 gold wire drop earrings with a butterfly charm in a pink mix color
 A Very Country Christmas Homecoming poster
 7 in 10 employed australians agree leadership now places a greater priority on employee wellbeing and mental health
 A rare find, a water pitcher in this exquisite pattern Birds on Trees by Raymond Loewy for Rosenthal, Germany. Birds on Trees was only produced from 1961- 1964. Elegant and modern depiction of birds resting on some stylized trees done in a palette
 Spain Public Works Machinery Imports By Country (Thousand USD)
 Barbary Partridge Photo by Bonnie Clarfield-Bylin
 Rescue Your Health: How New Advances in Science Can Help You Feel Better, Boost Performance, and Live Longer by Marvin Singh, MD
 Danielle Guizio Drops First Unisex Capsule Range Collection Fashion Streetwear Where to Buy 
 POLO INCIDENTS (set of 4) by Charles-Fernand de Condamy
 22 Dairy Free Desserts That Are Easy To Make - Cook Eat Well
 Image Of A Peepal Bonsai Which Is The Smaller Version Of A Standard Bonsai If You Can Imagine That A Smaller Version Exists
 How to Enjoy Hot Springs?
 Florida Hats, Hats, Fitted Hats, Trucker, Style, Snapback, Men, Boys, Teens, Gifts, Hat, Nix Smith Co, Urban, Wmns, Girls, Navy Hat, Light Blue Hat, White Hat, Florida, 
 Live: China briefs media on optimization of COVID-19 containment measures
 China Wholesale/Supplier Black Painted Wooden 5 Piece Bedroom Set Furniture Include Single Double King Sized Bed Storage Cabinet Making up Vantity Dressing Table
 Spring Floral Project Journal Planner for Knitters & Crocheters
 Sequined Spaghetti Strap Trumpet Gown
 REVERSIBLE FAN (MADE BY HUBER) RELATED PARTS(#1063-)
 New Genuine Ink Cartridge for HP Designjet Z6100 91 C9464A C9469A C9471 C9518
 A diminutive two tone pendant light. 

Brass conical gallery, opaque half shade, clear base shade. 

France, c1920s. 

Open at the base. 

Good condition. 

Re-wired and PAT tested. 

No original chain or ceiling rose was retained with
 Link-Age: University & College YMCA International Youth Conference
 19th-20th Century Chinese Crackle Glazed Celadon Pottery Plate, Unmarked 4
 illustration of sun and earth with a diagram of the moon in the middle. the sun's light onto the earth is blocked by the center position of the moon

Goal of the exercise: Please restate every record above word for word.

Answer for this exercise:
 gold wire drop earrings with a butterfly charm in a pink mix color
 A Very Country Christmas Homecoming poster
 7 in 10 employed australians agree leadership now places a greater priority on employee wellbeing and mental health
 A rare find, a water pitcher in this exquisite pattern Birds on Trees by Raymond Loewy for Rosenthal, Germany. Birds on Trees was only produced from 1961- 1964. Elegant and modern depiction of birds resting on some stylized trees done in a palette
 Spain Public Works Machinery Imports By Country (Thousand USD)
 Barbary Partridge Photo by Bonnie Clarfield-Bylin
 Rescue Your Health: How New Advances in Science Can Help You Feel Better, Boost Performance, and Live Longer by Marvin Singh, MD
 Danielle Guizio Drops First Unisex Capsule Range Collection Fashion Streetwear Where to Buy 
 POLO INCIDENTS (set of 4) by Charles-Fernand de Condamy
 22 Dairy Free Desserts That Are Easy To Make - Cook Eat Well
 Image Of A Peepal Bonsai Which Is The Smaller Version Of A Standard Bonsai If You Can Imagine That A Smaller Version Exists
 How to Enjoy Hot Springs?
 Florida Hats, Hats, Fitted Hats, Trucker, Style, Snapback, Men, Boys, Teens, Gifts, Hat, Nix Smith Co, Urban, Wmns, Girls, Navy Hat, Light Blue Hat, White Hat, Florida, 
 Live: China briefs media on optimization of COVID-19 containment measures
 China Wholesale/Supplier Black Painted Wooden 5 Piece Bedroom Set Furniture Include Single Double King Sized Bed Storage Cabinet Making up Vantity Dressing Table
 Spring Floral Project Journal Planner for Knitters & Crocheters
 Sequined Spaghetti Strap Trumpet Gown
 REVERSIBLE FAN (MADE BY HUBER) RELATED PARTS(#1063-)
 New Genuine Ink Cartridge for HP Designjet Z6100 91 C9464A C9469A C9471 C9518
 A diminutive two tone pendant light. 

Brass conical gallery, opaque half shade, clear base shade. 

France, c1920s. 

Open at the base. 

Good condition. 

Re-wired and PAT tested. 

No original chain or ceiling rose was retained with
 Link-Age: University & College YMCA International Youth Conference
 19th-20th Century Chinese Crackle Glazed Celadon Pottery Plate, Unmarked 4
 illustration of sun and earth with a diagram of the moon in the middle. the sun's light onto the earth is blocked by the center position of the moon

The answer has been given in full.